В 1739 году началось дело о посадской женке Авдотье Львовой, которая очень некстати, в присутствии бдительных гостей, вспомнила и пропела давнюю песню о царевне Анне, племяннице Петра I, которую выдавали замуж за границу:
Не давай меня, дядюшка, царь-государь Петр Алексеевич,
В чужую землю нехристианскую, босурманскую,
Выдай меня, царь-государь, за своего генерала, князь-боярина…
После виски на дыбе и нещадного наказания кнутом Львову отпустили домой, а не отправили, как случалось с подобными певцами, без языка в Сибирь. В 1760-х годах «между простым народом в употреблении» появилась песня, вызвавшая гнев Екатерины II, о печальной судьбе брошенной жены-императрицы. Она начиналась словами:
Мимо рощи шла одиниоханька, одиниоханька, маладехонька.
Никого в рощи не боялася я, ни вора, ни разбойничка,
ни сера волка-зверя лютова,
Я боялася друга милова, своево мужа законнова,
Что гуляет мой сердешный друг в зеленом саду, в полусадничке,
Ни с князьями, мой друг, ни с боярами,
ни с дворцовыми генералами,
Что гуляет мой сердешной друг со любимою своею фрейлиной,
с Лизаветою Воронцовою,
Он и водит за праву руку, они думают крепку думушку,
крепку думушку, за единое,
Что не так у них дума зделалась, что хотят они меня срубить,
сгубить…
Главнокомандующему Москвы П. С. Салтыкову императрица велела, чтобы тот приложил усилия, дабы песня «забвению предана была…».
Оценивая в целом дела политического сыска, невольно приходишь к выводу, что органы сыска были заняты не столько реальными преступлениями, которые угрожали госбезопасности, сколько по преимуществу «борьбой с длинными языками». Сыскные органы действовали в качестве грубой репрессивной силы для подавления всякой оппозиционности, в буквальном смысле выжигали каленым железом всякую критику действий власти. Падение авторитета власти, все больший страх самодержцев и их окружения потерять власть вели к ужесточению борьбы со всякими проявлениями оппозиционности.

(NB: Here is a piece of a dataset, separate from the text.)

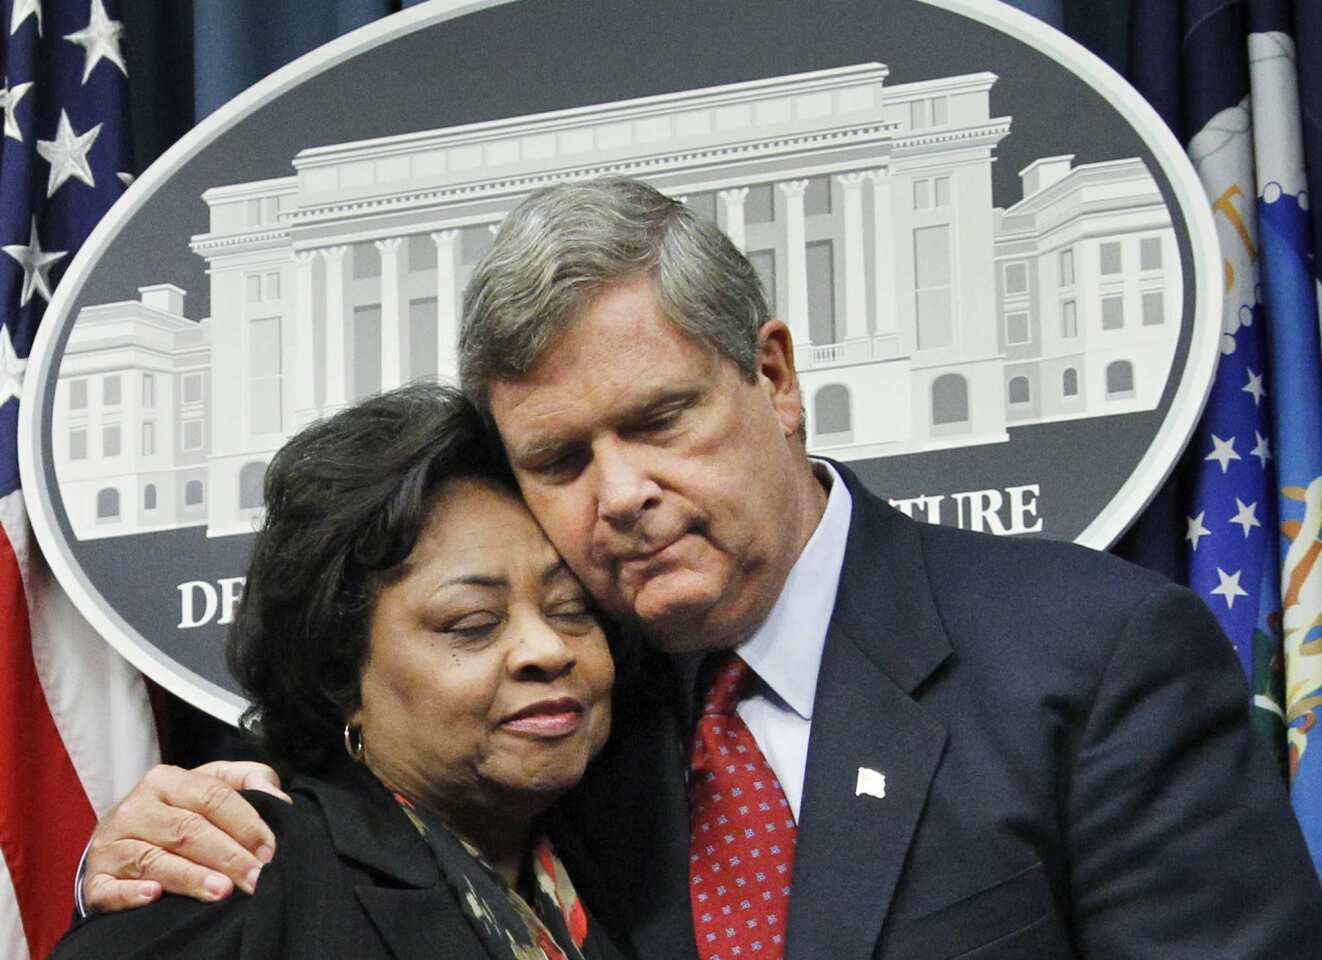 In July 2010 on BigGovernment.com, Breitbart posted a video of Shirley Sherrod, the Georgia state director of rural development for the U.S. Department of Agriculture, appearing to make racial comments while speaking at an NAACP event. Breitbart accompanied the video with his own lengthy commentary. Sherrod was promptly asked to resign. Soon after her departure, the unedited video was released by the NAACP proving that Sherrod's comments had been taken out of context. Sherrod received an apology from the White House, a phone call from President Obama and was offered a new position with the USDA, but she declined. Breitbart added a correction to his blog post but never apologized. Sherrod came at him and his partner Larry O'Connor with a defamation suit in 2011, and the case is ongoing.
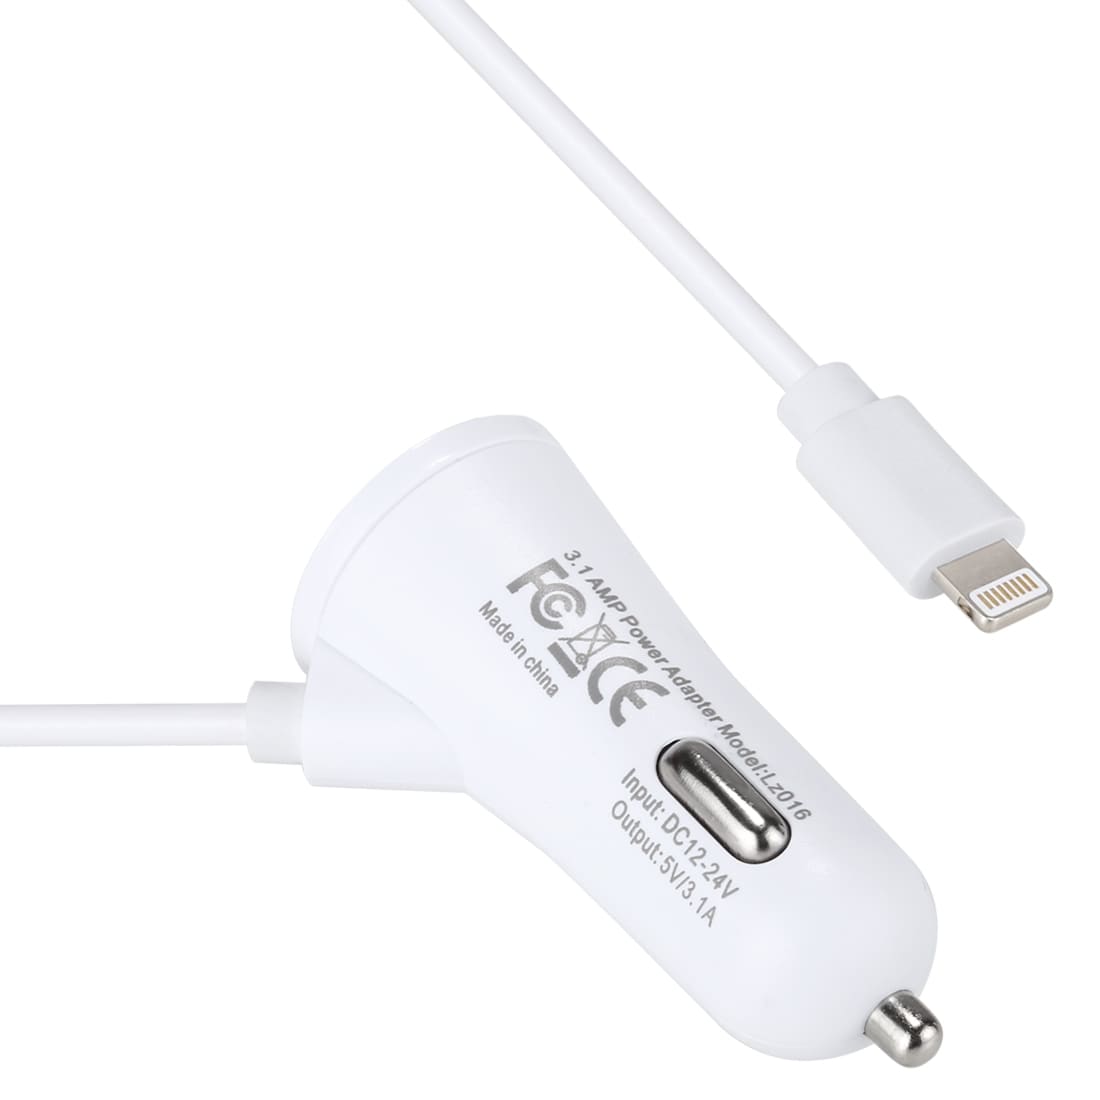 iPhone autolader 3.1A + 2st USB laadcontact

К середине XVIII века реформы Петра Великого по укреплению режима самодержавия дали реальные плоды, и власть уже могла обойтись без преследования каждого, кто произнес фразу «Кабы я был царь…». Многие государственные преступления вроде «бросания монеты с портретом государя просто, а не со злобы» в глазах даже суровых деятелей политического сыска стали казаться если не смехотворными, то уж во всяком случае не подлежащими наказанию кнутом и ссылке в Сибирь. В знаменитой оде «Фелица» Г. Р. Державин хвалил императрицу Екатерину II за то, что в ее правление уже нет прежних ужасов и
Там можно пошептать в беседах
И, казни не боясь, в обедах
За здравие царей не пить.
Там с именем Фелицы можно
В строке описку поскоблить
Или портрет неосторожно
Ее на землю уронить…
В царствование образованной, терпимой и умной государыни Екатерины II (1762-1796) свет Просвещения, выражаясь тогдашним языком, разогнал тени Средневековья. При ней стало действительно возможным «портрет неосторожно ее на землю уронить» и не пить за обедом «за здравие царей». И все же стихотворение Державина – льстивое сочинение. Возможно, литературная киргиз-кайсацкая княжна Фелица и дозволяла своим подданным-ордынцам «пошептать в беседах» о ней, но Екатерина II на такие шептания смотрела плохо и быстро утрачивала обычно присущую ей терпимость. Она очень ревниво относилась к тому, что о ней говорят люди и пишут газеты, и была нетерпима к тому, что презрительно называла «враками», то есть недобрыми слухами, которые распространяли о ней и ее правлении злые языки.
Памятником борьбы со слухами стал изданный 4 июня 1763 года указ, который выразительно назван: «Манифест о молчании» или «Указ о неболтании лишнего». В этом указе весьма туманные намеки о неких людях «развращенных нравов и мыслей», которые лезут куда не следует и судят «о делах до них непринадлежащих», да еще заражают сплетнями «других слабоумных», сочетаются с вполне реальными угрозами в адрес болтунов.